Frequently Asked Questions

What is the IUPAC name of 1-[(E)-3-methylhex-4-en-2-yl]-2,4-dinitrobenzene?
The IUPAC name of 1-[(E)-3-methylhex-4-en-2-yl]-2,4-dinitrobenzene (CID 101449692) is 1-[(E)-3-methylhex-4-en-2-yl]-2,4-dinitrobenzene.
What is the SMILES notation for 1-[(E)-3-methylhex-4-en-2-yl]-2,4-dinitrobenzene?
The canonical SMILES for 1-[(E)-3-methylhex-4-en-2-yl]-2,4-dinitrobenzene is C/C=C/C(C)C(C)c1ccc([N+](=O)[O-])cc1[N+](=O)[O-].
What is the InChIKey of 1-[(E)-3-methylhex-4-en-2-yl]-2,4-dinitrobenzene?
The InChIKey is MUSQADOAJOAXPW-SNAWJCMRSA-N. The full InChI is InChI=1S/C13H16N2O4/c1-4-5-9(2)10(3)12-7-6-11(14(16)17)8-13(12)15(18)19/h4-10H,1-3H3/b5-4+.

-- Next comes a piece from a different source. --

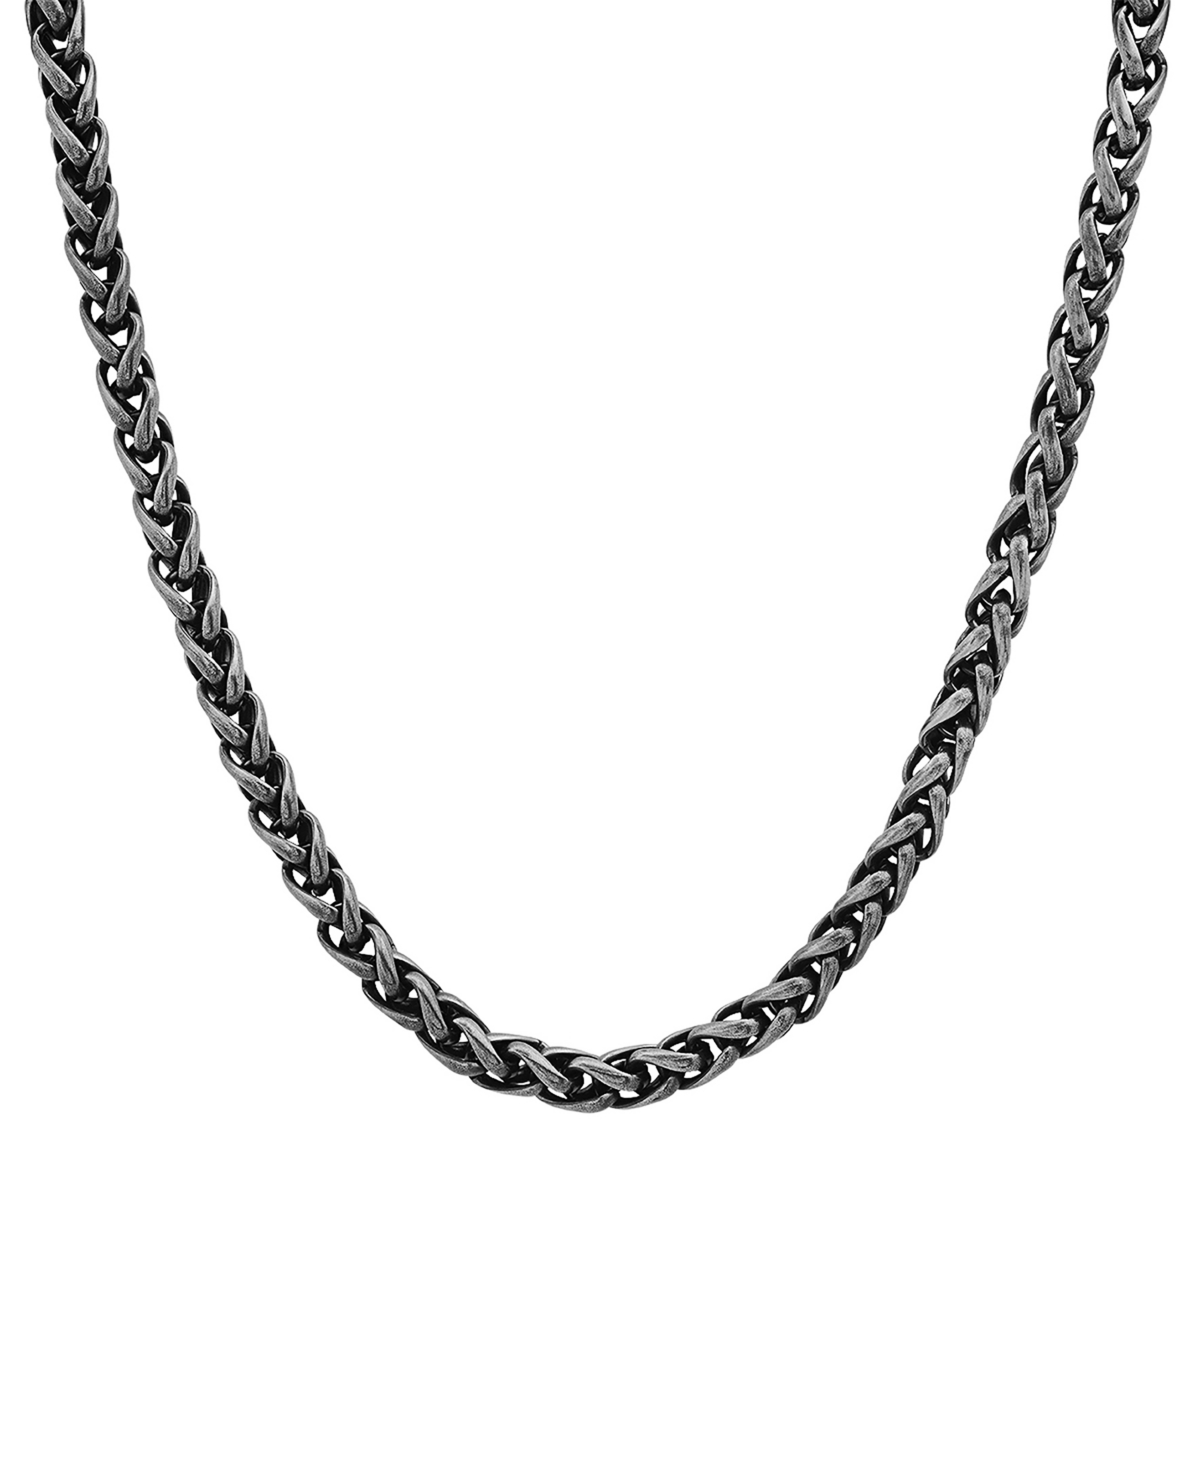 Hmy Jewelry Single Strand Wheat Chain Necklace In Gray

What are the key properties of 1-[(E)-3-methylhex-4-en-2-yl]-2,4-dinitrobenzene?
1-[(E)-3-methylhex-4-en-2-yl]-2,4-dinitrobenzene has a molecular weight of 264.28 g/mol, XLogP of 3.82, 5 rotatable bonds, 0 hydrogen bond donors, and 4 hydrogen bond acceptors.
Where does this data come from?
All data for 1-[(E)-3-methylhex-4-en-2-yl]-2,4-dinitrobenzene is sourced from PubChem (CID 101449692), the world's largest open chemistry database maintained by the National Library of Medicine (NIH).